Question

How do you find the roots of `x^3+x+10=0`?

Answer 1

`1 + 2i`, `1 - 2i` and `-2`

Explanation:

We can use the remainder and factor theorems to effectively factor this trinomial.

If `y = ax^n + bx^(n - 1) + ... + p`, then the possible factors are `"factors of p"/"factors of a"`.

This gives us `(+-10, +-5, +- 2, +-1)/(+- 1)`. Usually, when I do these sorts of problems, I start at `+1`, then work my way up. If you evaluate these factors within the equation and they make the equation true, you have a zero. You will find `x = -2` is one of these values.

We now use synthetic division to factor the trinomial.

We want to divide `x^3 + x + 10` by `x + 2`.
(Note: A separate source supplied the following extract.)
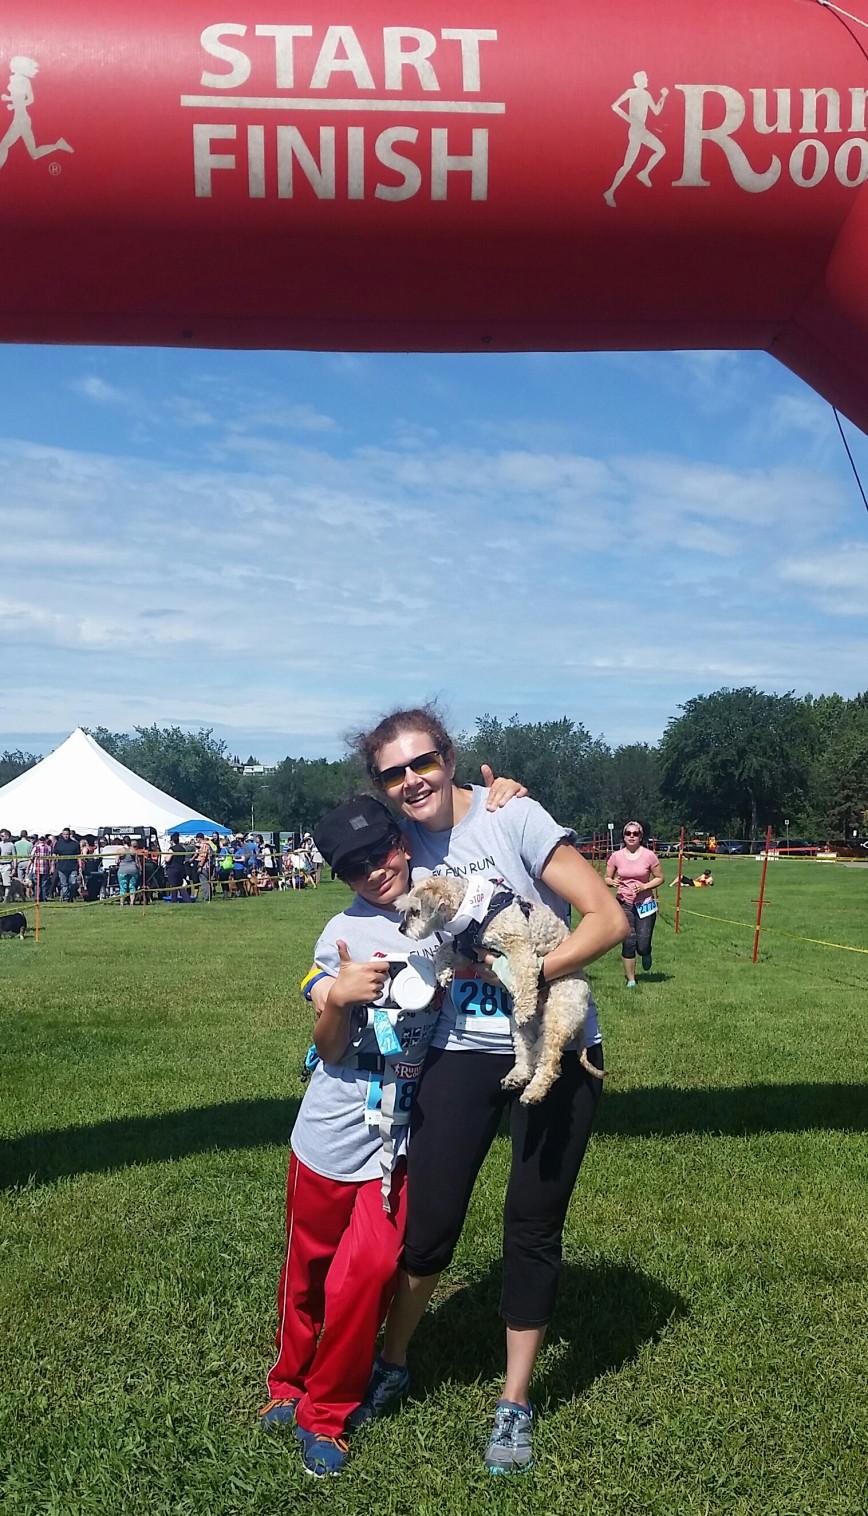 SPCA Pets in the Park Fun Run

The equation then becomes `(x + 2)(x^2 - 2x + 5) = 0`

`x^2 - 2x + 5` can be solved using the quadratic formula.

`x= (-(-2) +- sqrt((-2)^2- 4 xx 1 xx 5))/(2 xx 1)`

`x = (2 +- sqrt(-16))/2`

`x = (2+- 4i)/2`

`x = 1 +- 2i`

Putting all of this together, the equation `x^3 + x + 10 = 0` has roots of `1 + 2i`, `1 - 2i` and `-2`.

Hopefully this helps!

Answer 2

`-2 and 1+-i2`

Explanation:

The number of changes in signs of the coefficients is 0.

So, there are no positive roots.

Checking signs of the cubic, for #x = -1 and -2, we

find that -2 is a zero of the cubic.

So, it is of the form

(x+2)(x^2+ax+b).

Comparing like coefficients,

`a =-2 and and b = 5`. Now, the zeros of the quadratic factor

`x^2-2x+5` are `1+-i2`